This should come as no surprise: sustainable investing has caught on in the Asia Pacific region.
And it seems to be built to last, despite market disruptions with Covid-19, according to Standard Chartered Private Bank’s latest Sustainable Investing Review.
The bank polled 1,080 investors in Singapore, Hong Kong, the UAE and the UK to draw its conclusions. Some 600 of them had at least $25,000 of investible wealth.
The other 480 were affluent and high-net-worth individuals, with at least $1m or $5m of investible wealth respectively.
StanChart found that 42% of them planned to put 5%-15% of their funds in sustainable investments, over the next three years.
The pandemic had also affected how they viewed the United Nations Sustainable Development Goals. Clean water and sanitation (SDG 6) and good health and well-being (SDG 3) were seen to be of ‘higher importance’ this year, the bank said.

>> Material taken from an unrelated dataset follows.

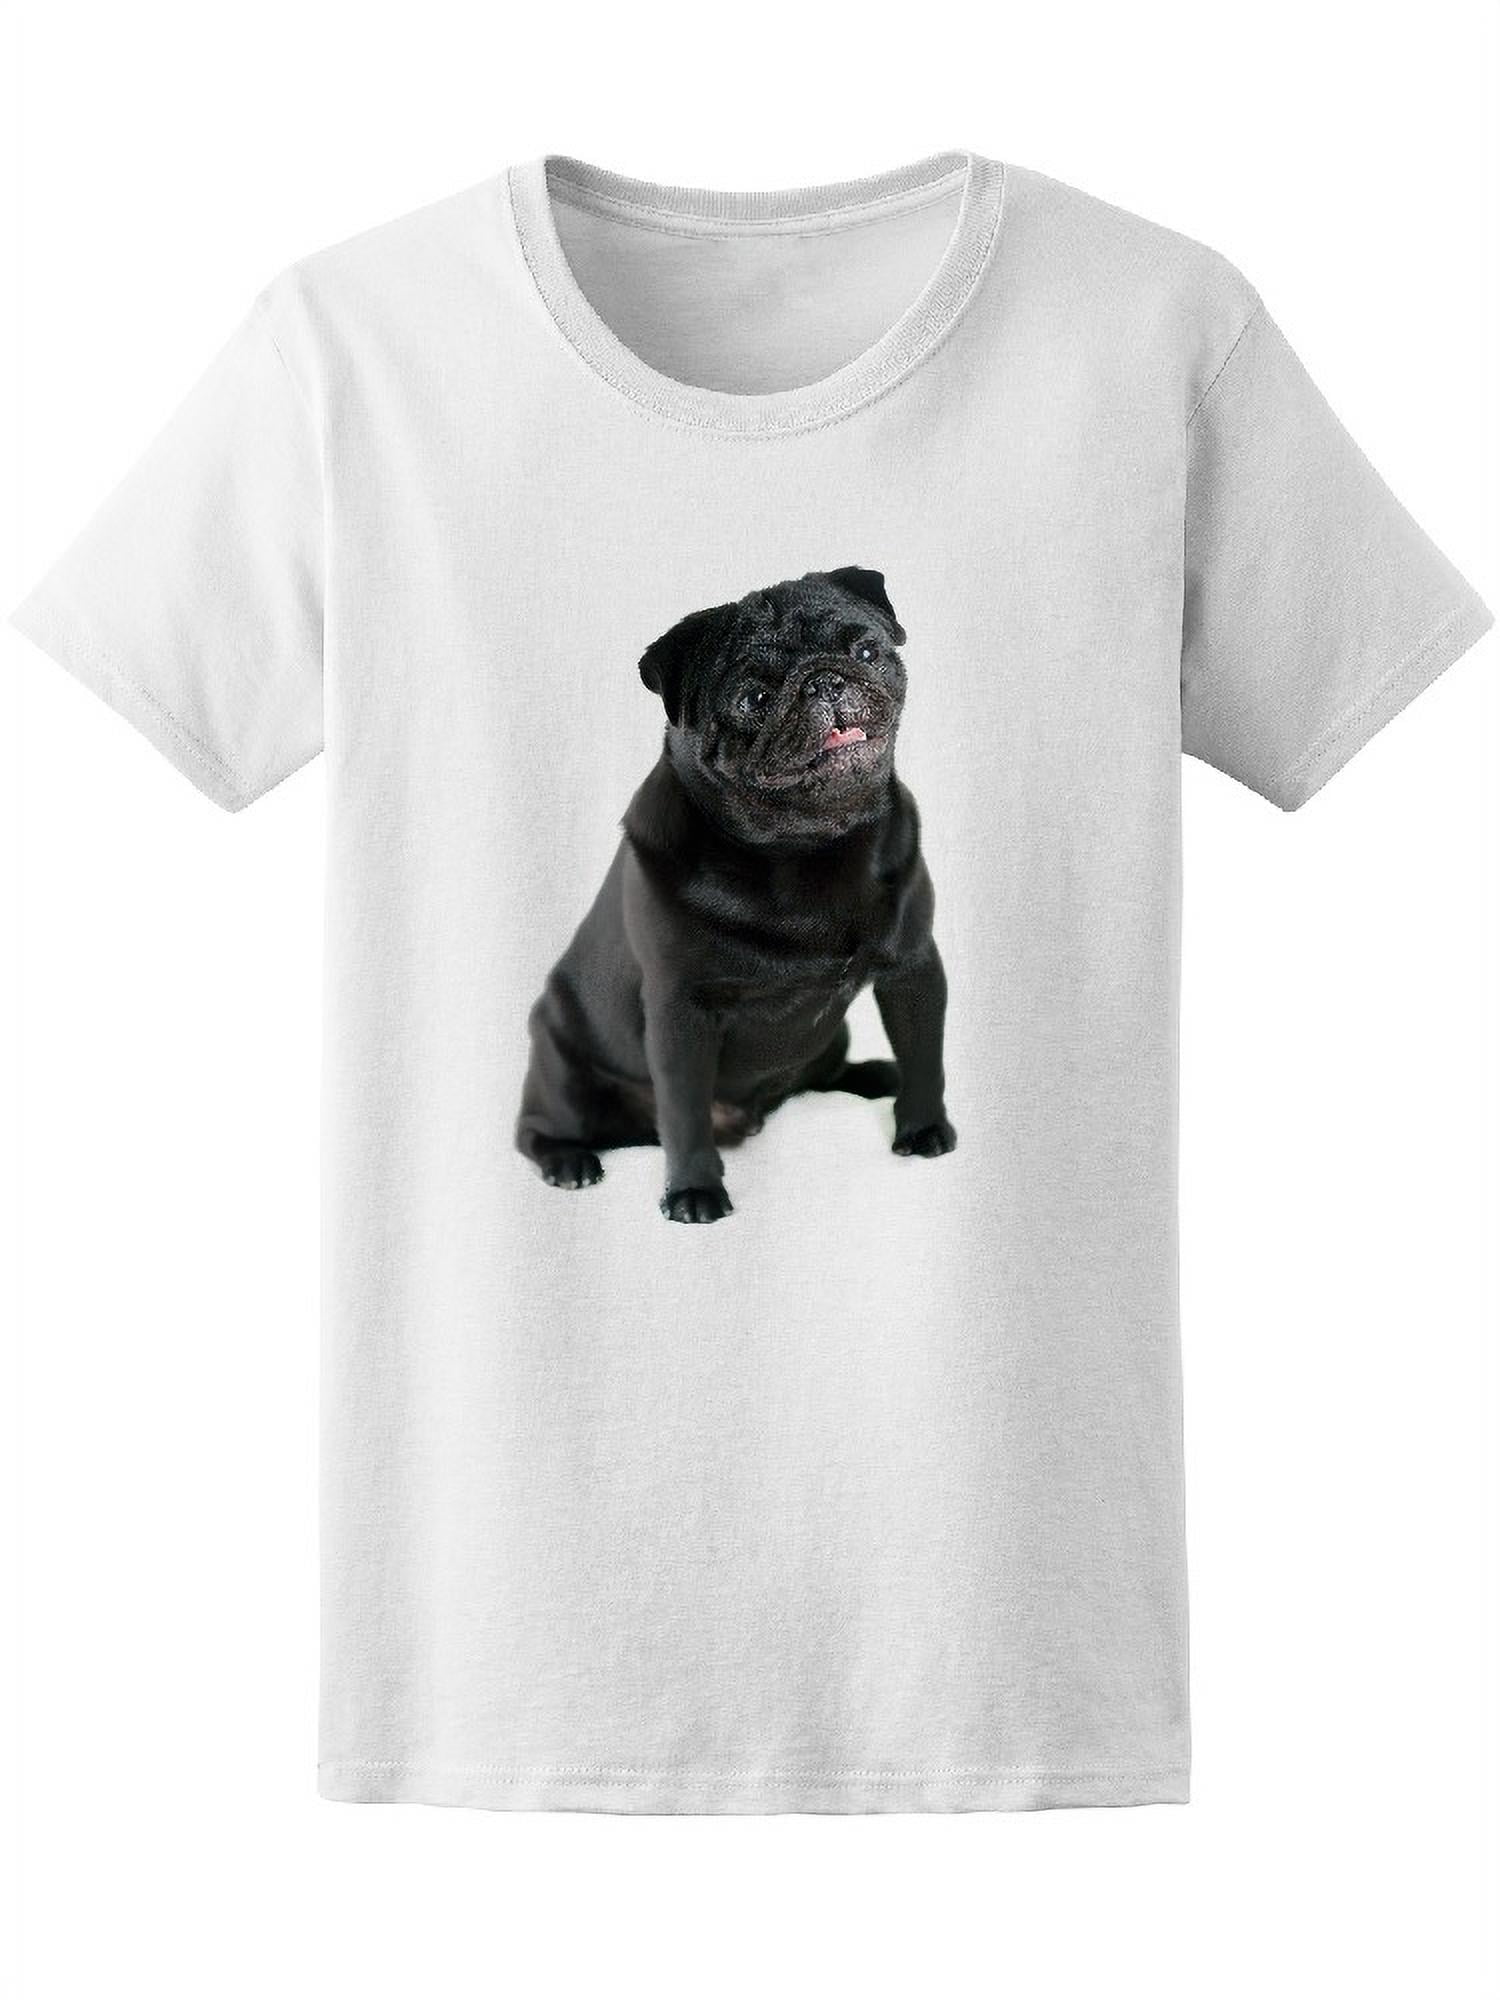 3D Printed T-Shirts Summer with Funny Pug Dog in Sunglasses Eating Watermelon Short Sleeve Tops Tees
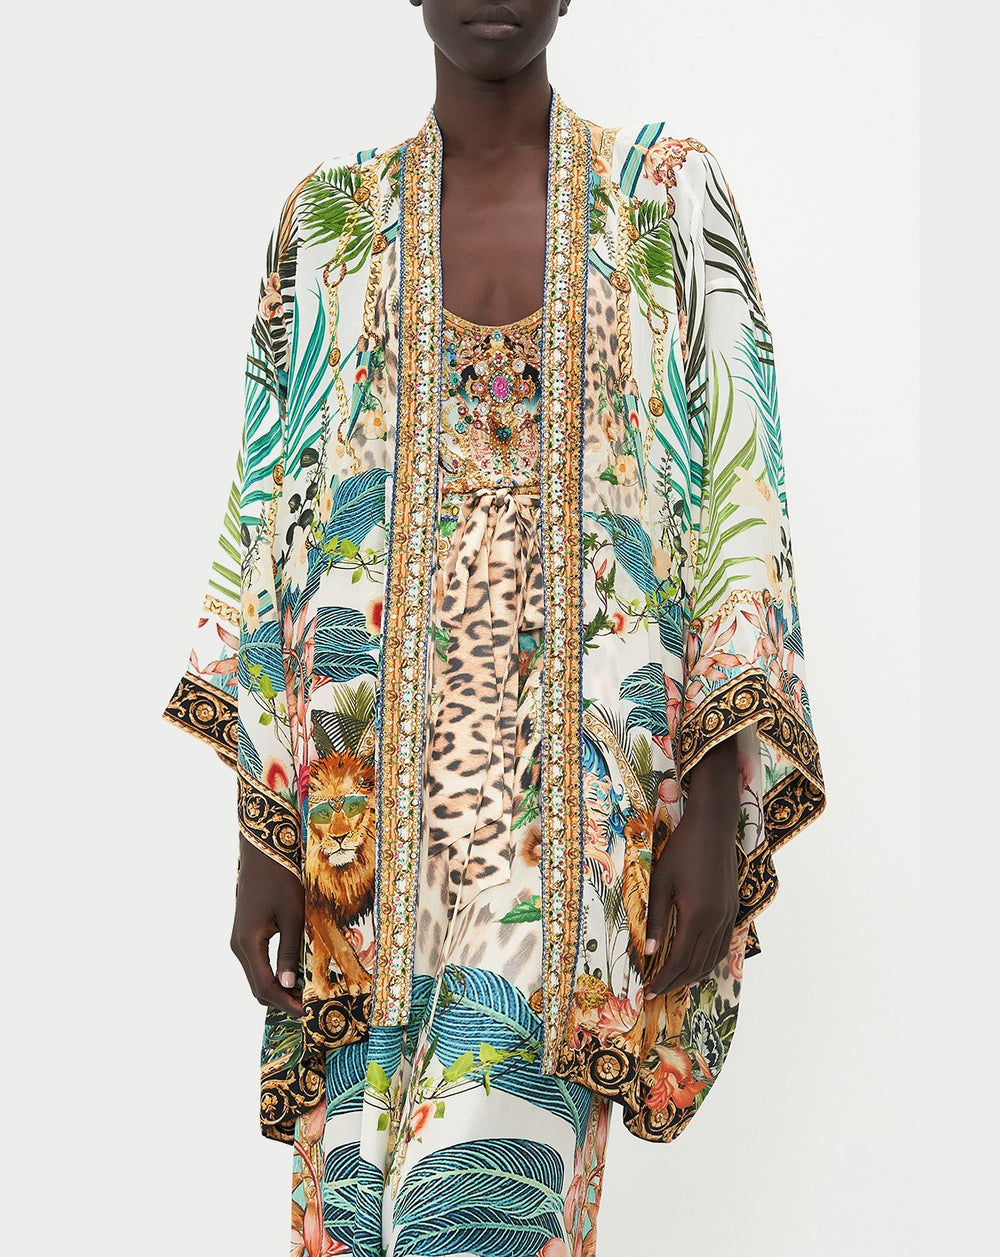 Camilla Short Layer with Neckband, Royalty Loyalty Silk Floral Robe

In third place was climate action (SDG 13), with 43% of respondents classifying it as important. Quality education (SDG 4) and zero hunger (SDG 2) were tied at 40%.
There were differences across markets. Singapore investors cared more about clean water and sanitation (SDG 6) and life below water (SDG 14). Meanwhile, Hong Kong investors were keener on climate action (SDG 13).
UAE investors were generally more apprehensive about sustainable investing. They needed more knowledge on terminology and were the least familiar with low carbon investing, StanChart said.
However, investors were broadly willing to consider having sustainable investments in their portfolio, even if it was new to them.
Didier von Daeniken, StanChart’s global head of private banking, said: ‘While interest in sustainable investing continues to grow, there remains a significant knowledge gap among investors.
‘As a bank, we have a critical role to play in helping to bridge this gap and facilitate our clients’ sustainable investing journey and ambitions.’
Some SDGs are getting more air time than others. Germany’s Deutsche Bank and Singapore’s DBS Bank, for instance, both favour responsible consumption and production (SDG 12) and climate action (SDG 13).
Swiss giant UBS has honed in on partnerships (SDG 17). It had worked with Hermes Investment Management to develop an SDG-specific engagement equity strategy in 2017.